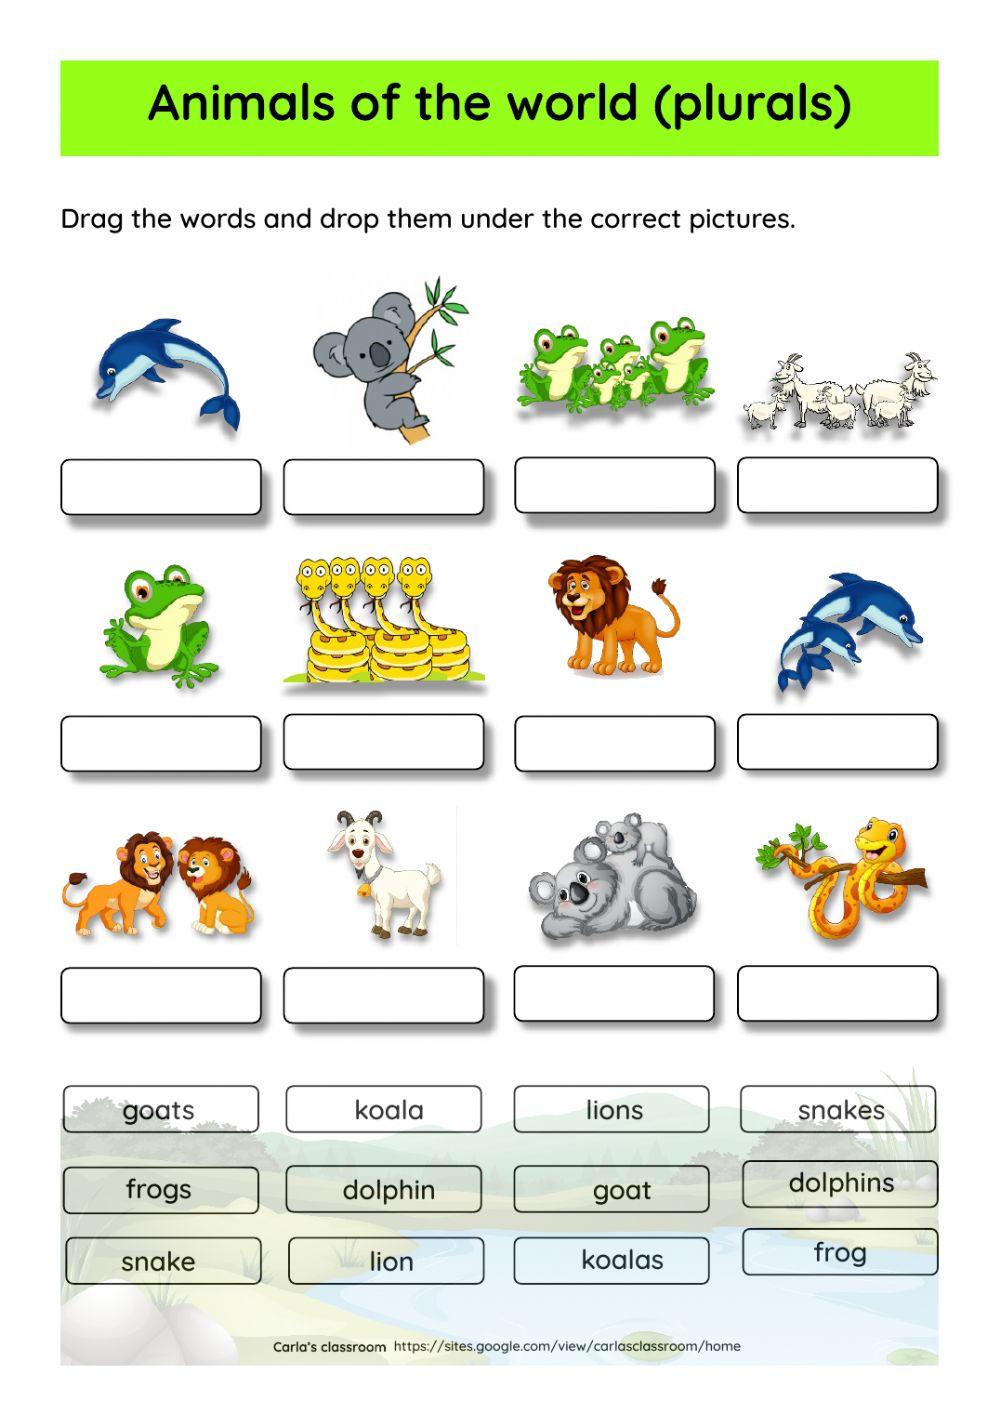 Animals of the world (plurals)
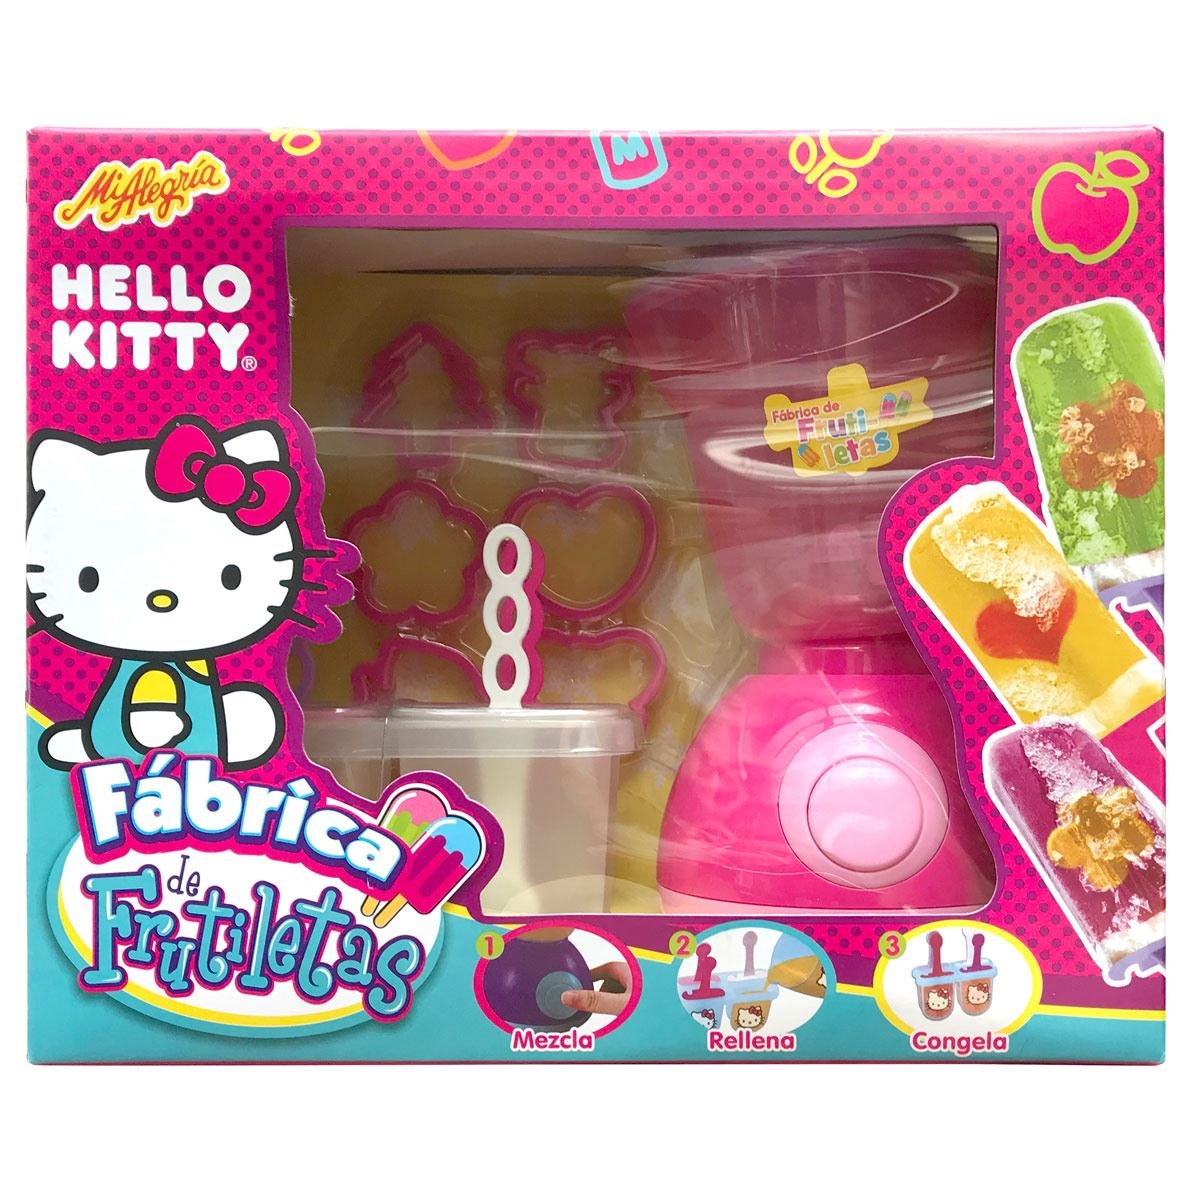 Bolsa merienda de tela - Modelo Hello Kitty
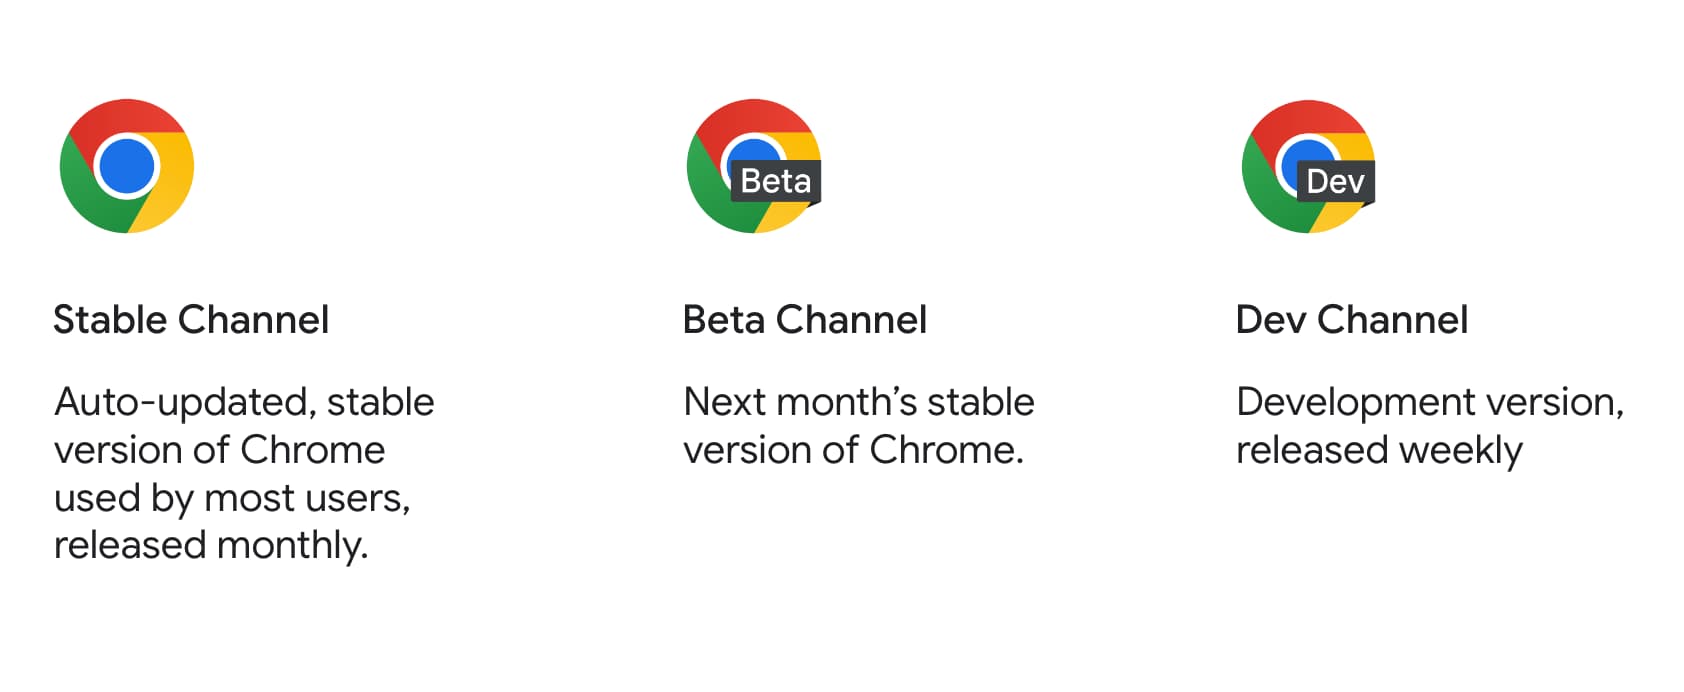 Значки продуктов Chrome для стабильной, бета-версии и версии для разработчиков вместе с их описанием.
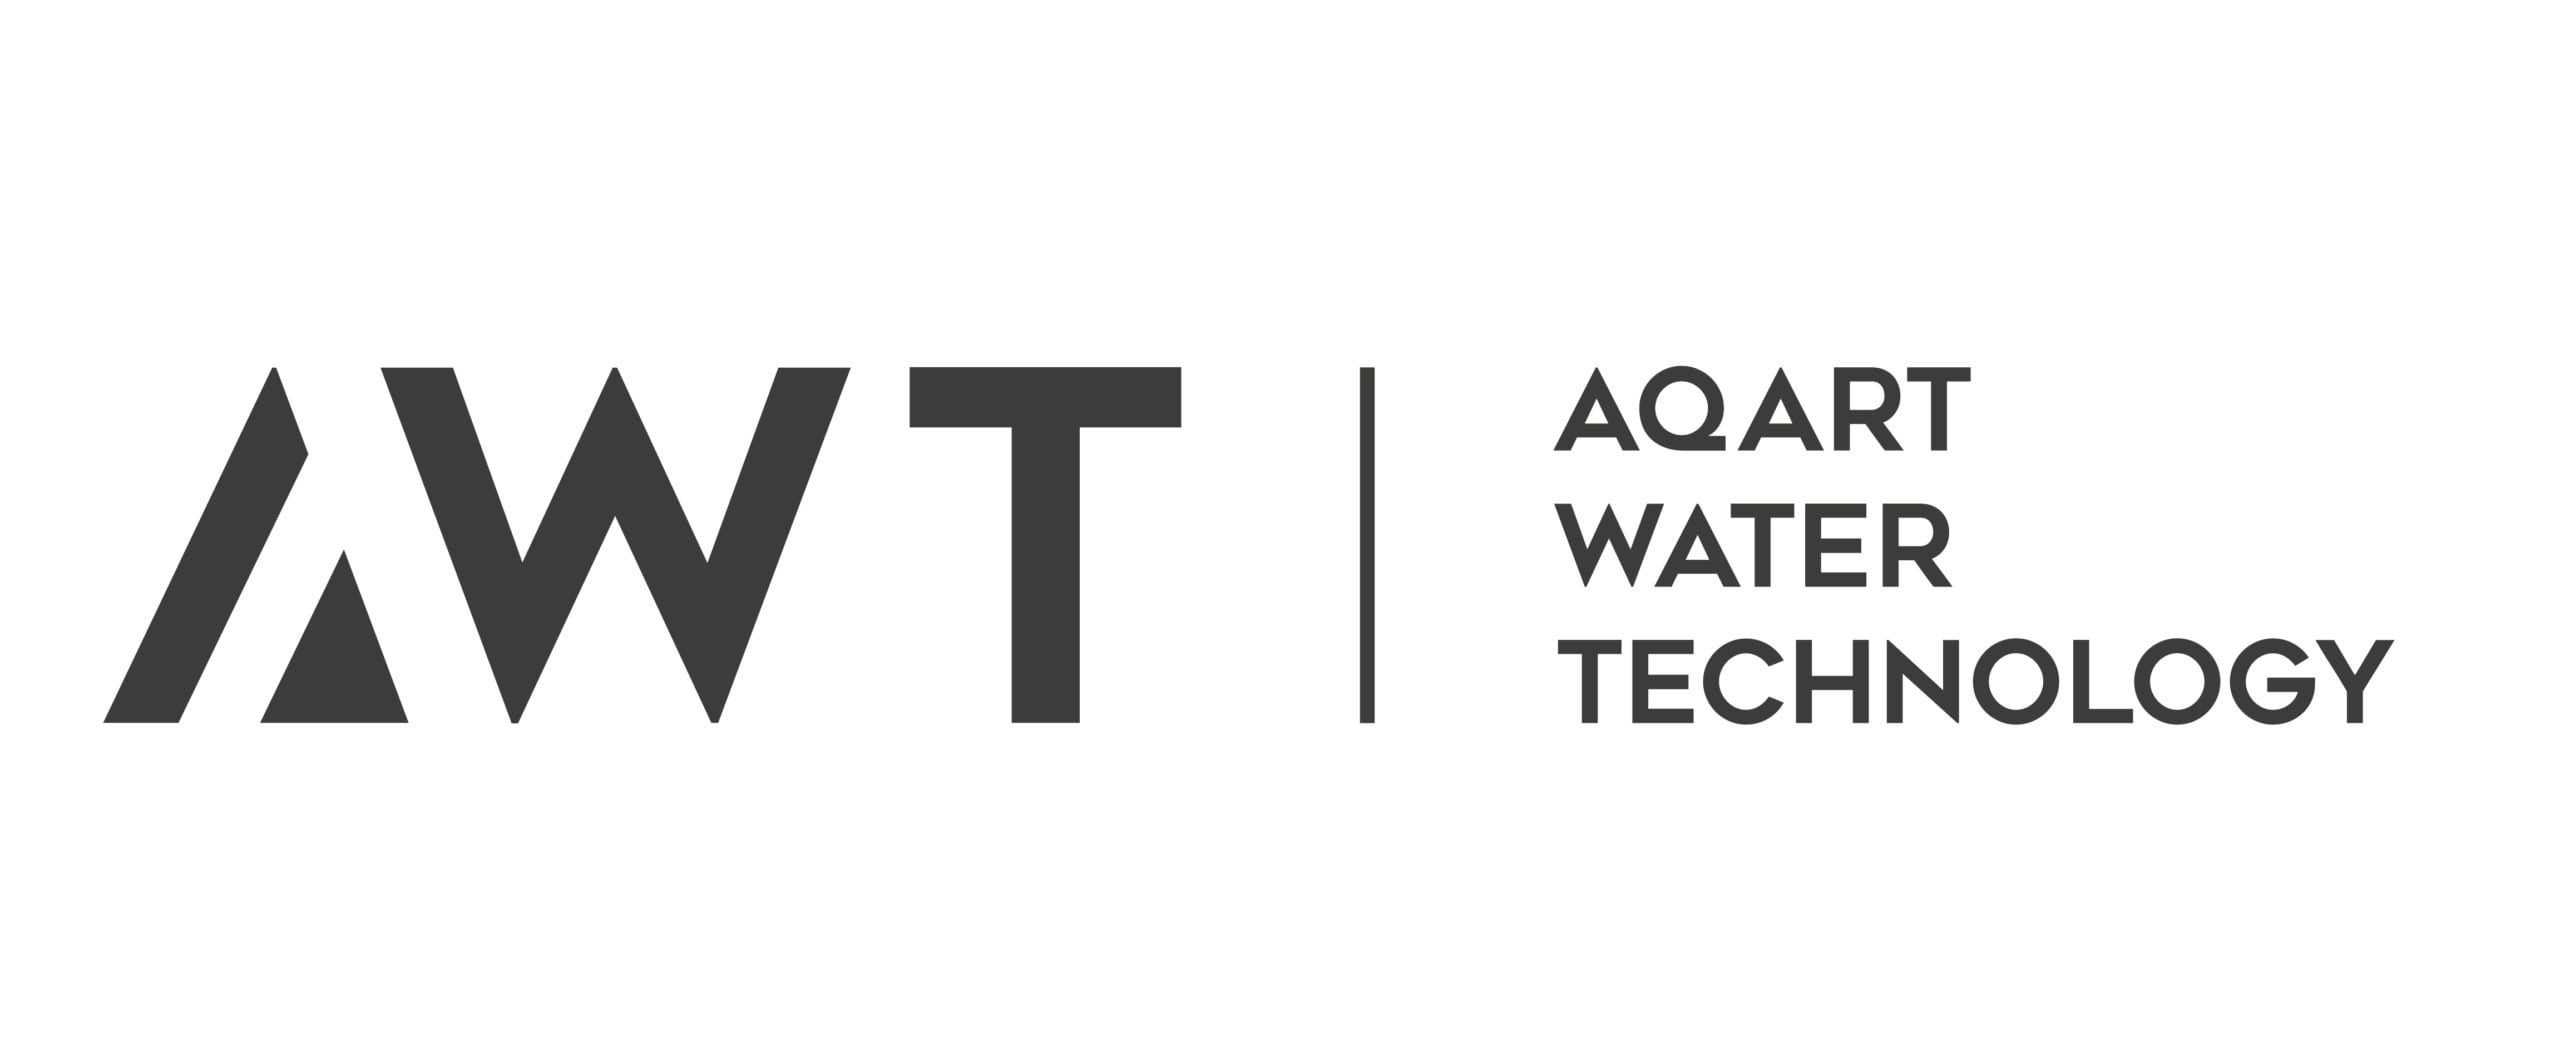 AWT Whirlpool Aqart Water Technology
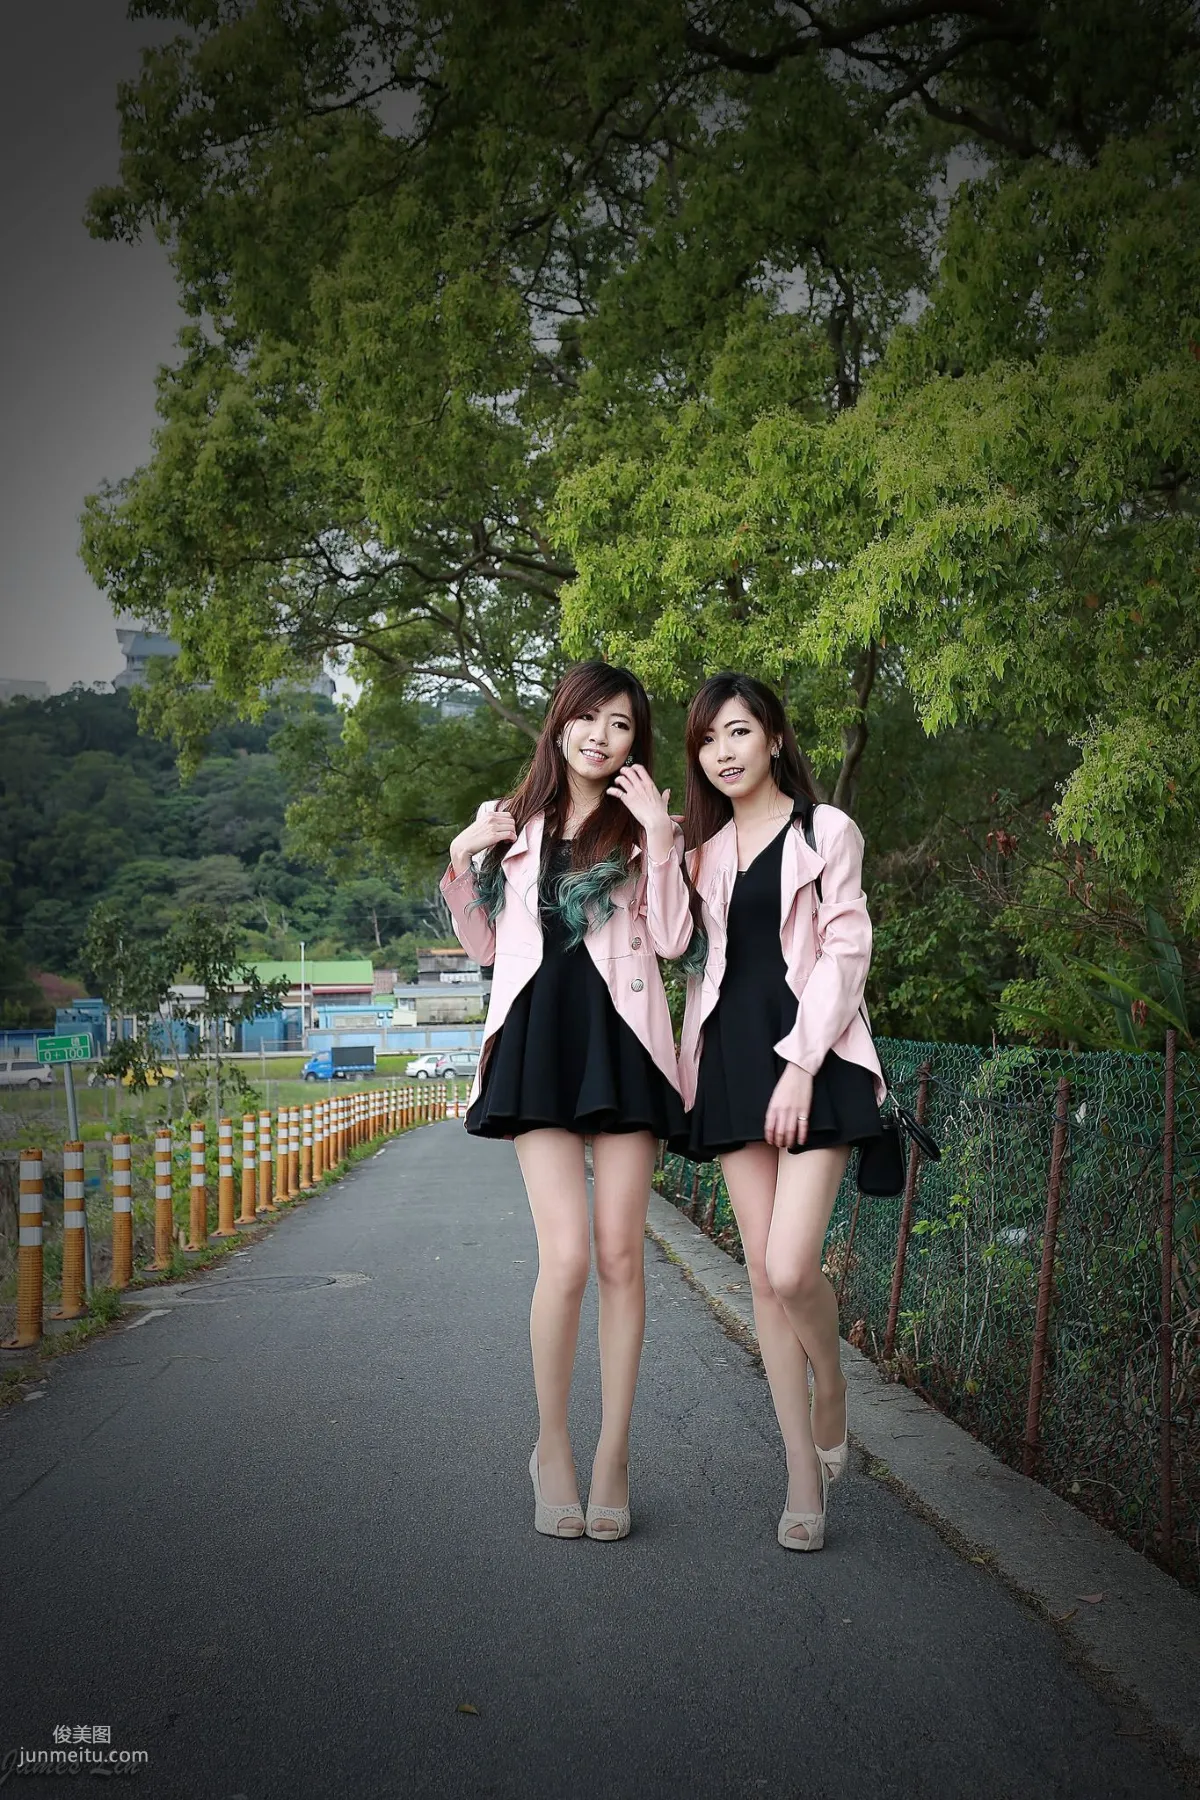 极品清纯甜美台湾双胞胎姐妹花清新外拍写真集64

***

Retype, please, exactly the lines that begin with the one containing "AWT Whirlpool Aqart Water Technology" and end at the last line of the entries above, both included, leaving out pictures.

SOLUTION TO THE PROBLEM
 AWT Whirlpool Aqart Water Technology
 极品清纯甜美台湾双胞胎姐妹花清新外拍写真集64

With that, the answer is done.